El fiscal Diego Luciani y el juez Rodrigo Giménez Uriburu ejercitan el rol tribunalicio y lúgubre que alguna vez describió Franz Kafka. La sinrazón convertida en lógica de persecución. La burocracia del hostigamiento dispuesto para anular cualquier desobediencia: la doctrina que permite dictaminar la condena escolástica de cualquier aluvión zoológico. La magistratura regulada para desanimar a los humildes, a los trabajadores, a los precarizados, y a la vez aislarlos y/o separarlos de sus posibles referencias políticas.

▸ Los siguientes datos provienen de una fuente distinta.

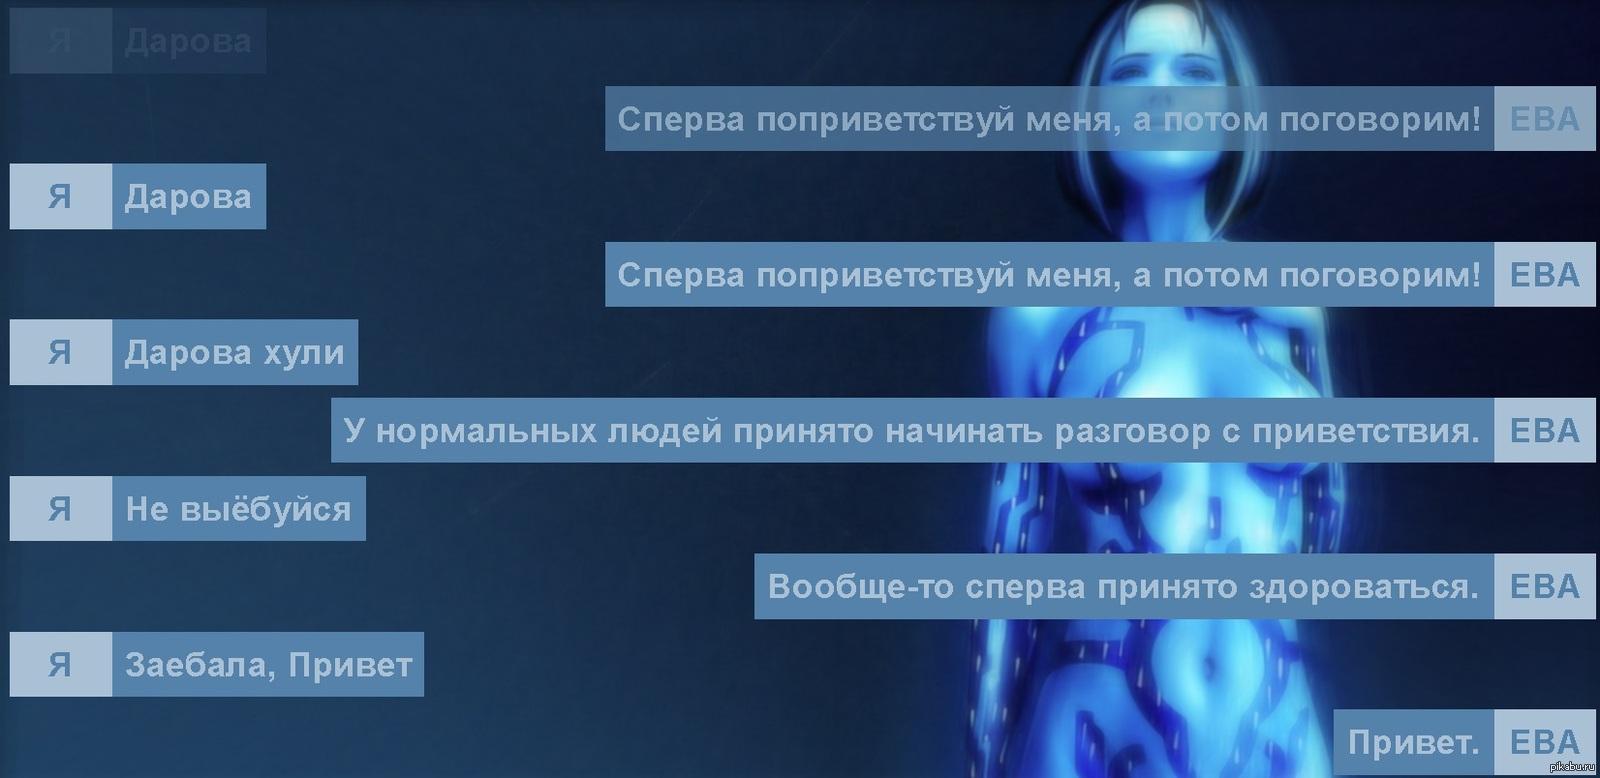 intim-bot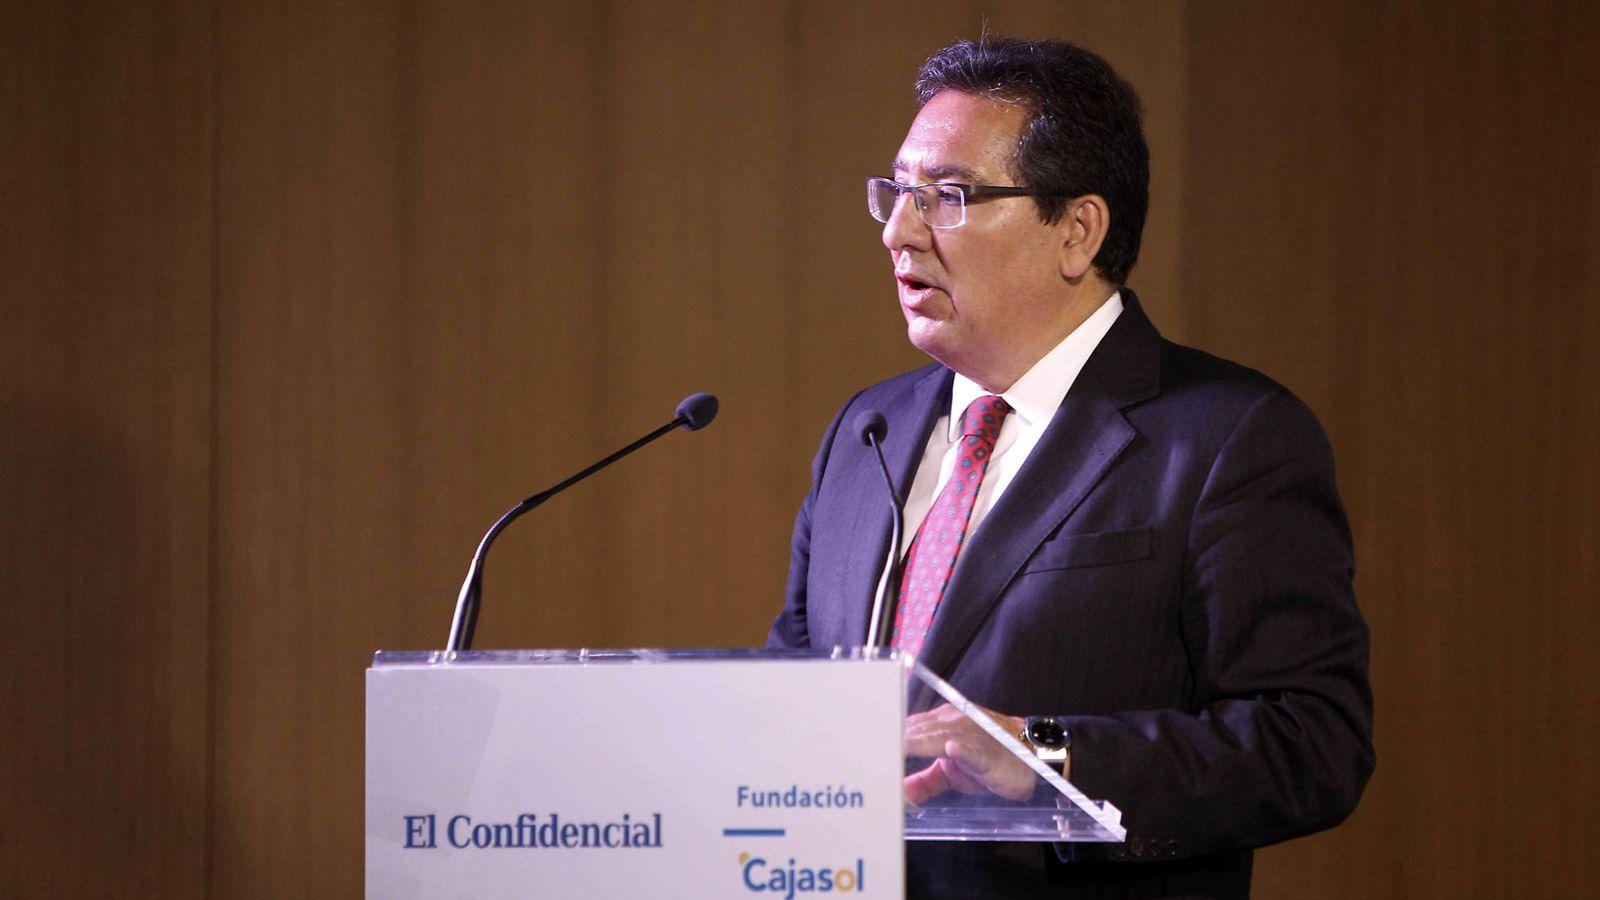 Foto: El presidente de la Fundación Cajasol, Antonio Pulido. (Foto: Fernando Ruso)

En Las Brujas de Salem, Arthur Miller escribe una frase que explica el léxico de un vestuario cómplice conformado por fiscales y jueces cambiemitas: “puede hacerse evidente la necesidad del Diablo como arma. Un arma ideada y utilizada una y otra vez, en toda época, para obligar a los hombres a someterse…” Demonizar para aterrorizar. Estigmatizar para incitar al odio. Mancillar para cosificar y proscribir.

Este es el objetivo de un Grupo de Tareas que toma la posta de los genocidas del último cuarto de siglo pasado. Antes era la tortura y la picana. Hoy los dictámenes en conjunción con titulares de propaganda mediáticos. Esa es la misión regada por dineros corporativos y sugerencias salidas de Embajadas extranjeras. Ese es el cometido de una derecha fascista, unida para impedir –otra vez– la democratización del poder, la riqueza y la renta.

El partido, sin embargo, tiene la duración que todas las revanchas autorizan. Y quienes jugamos alguna vez en los adoquines unidos por el barro prodigioso  –sustancia de la que nació la vida– nunca supimos arrugar en las difíciles. Cuando la busquen a ella tendrán que pasar por sobre nostroxs.